Word for word, restate the lines of the listing below from the line with "NEC user manual" through the line with "Slika za Jogurt Balans+ 1%mm 1.5kg", and do not include the pictures.

** Opening Records provided block **

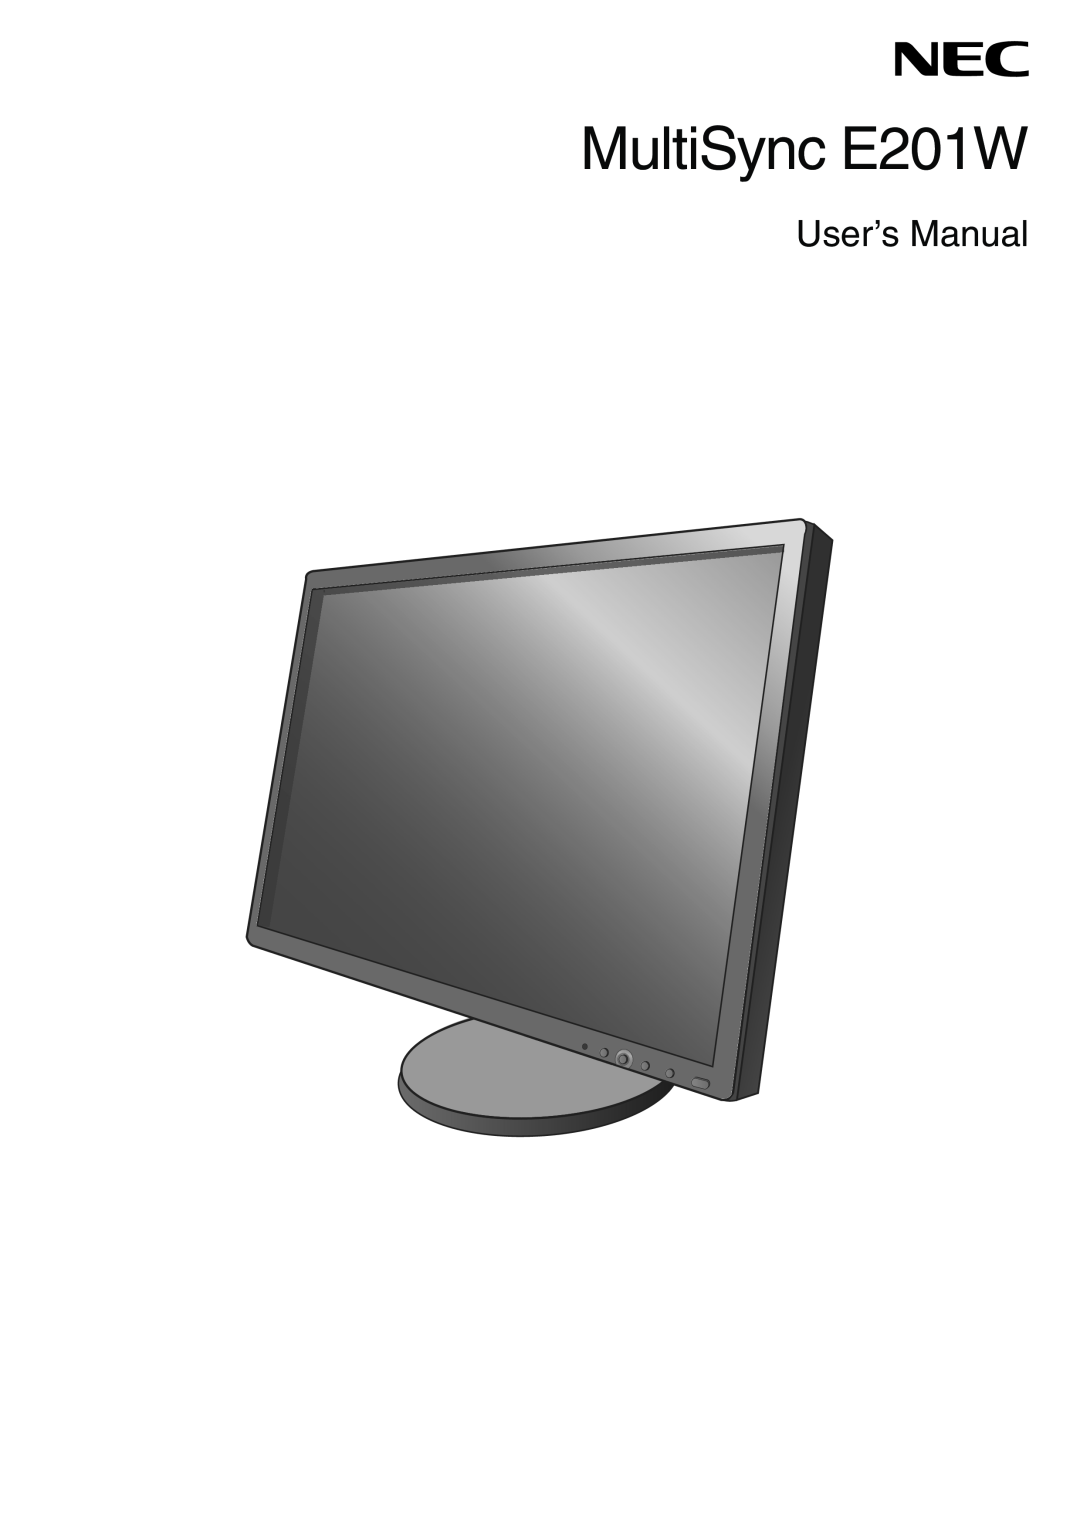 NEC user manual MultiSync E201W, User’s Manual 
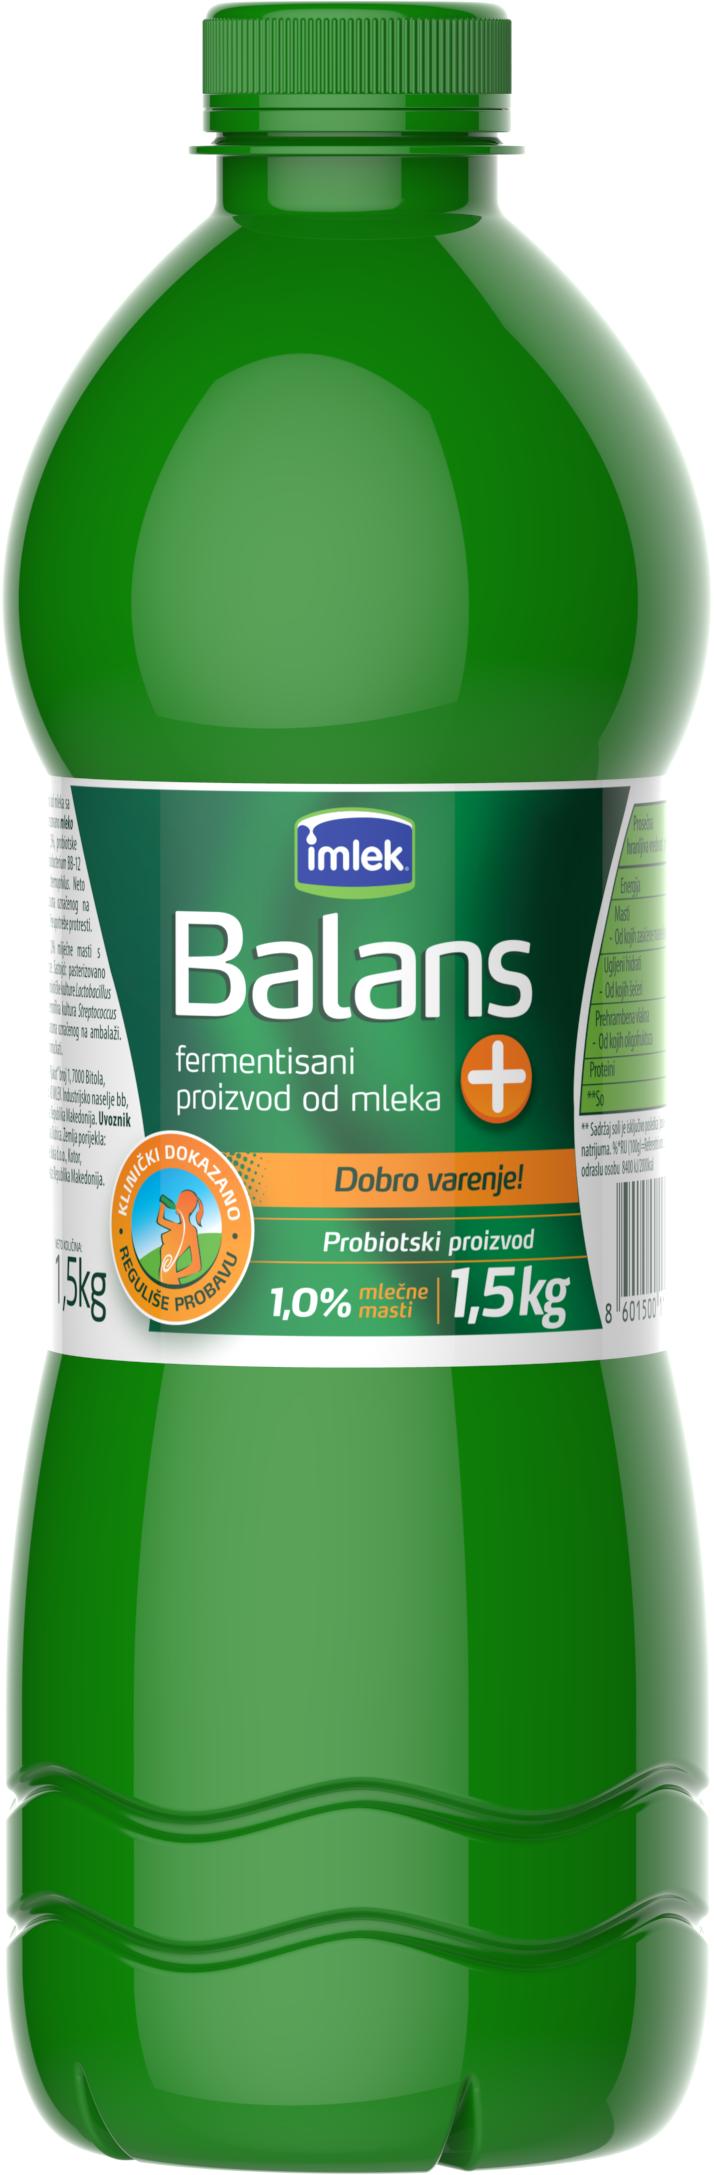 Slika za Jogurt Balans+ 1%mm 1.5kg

** Closing Records provided block **
** Opening Records provided block **

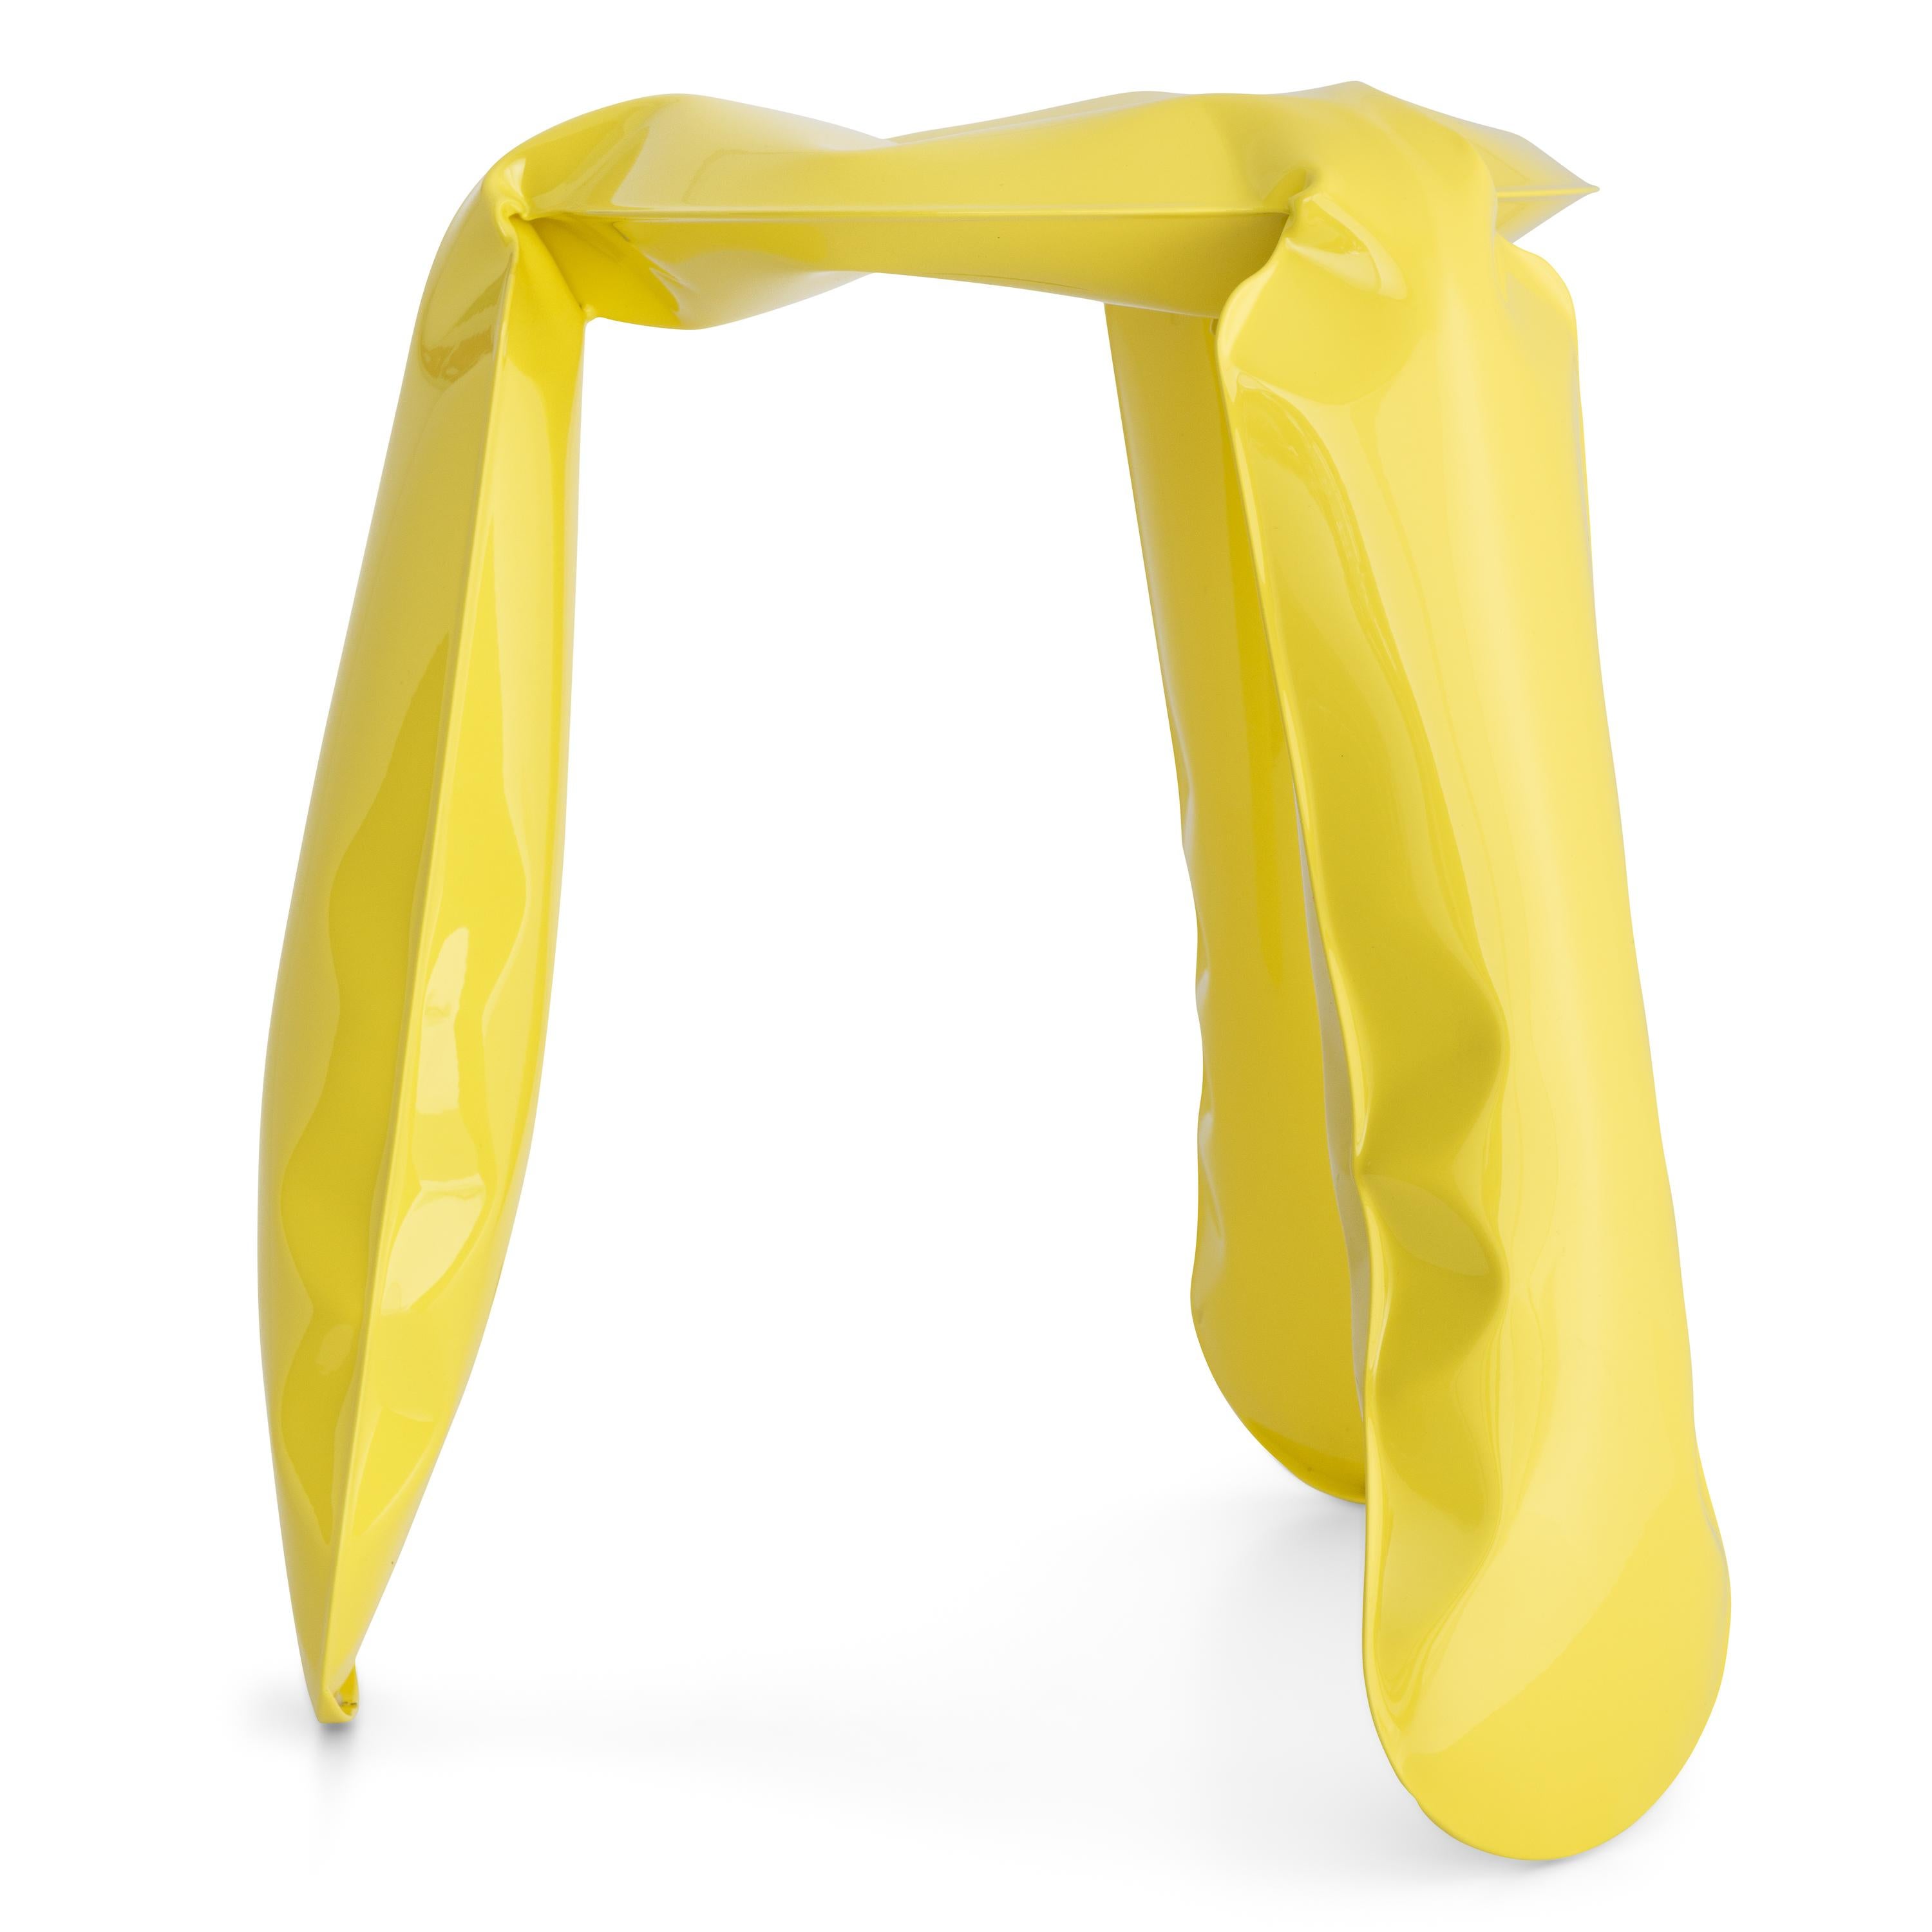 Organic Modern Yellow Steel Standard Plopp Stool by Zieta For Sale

** Closing Records provided block **

## [Solution to the exercise]
 NEC user manual MultiSync E201W, User’s Manual 
 Slika za Jogurt Balans+ 1%mm 1.5kg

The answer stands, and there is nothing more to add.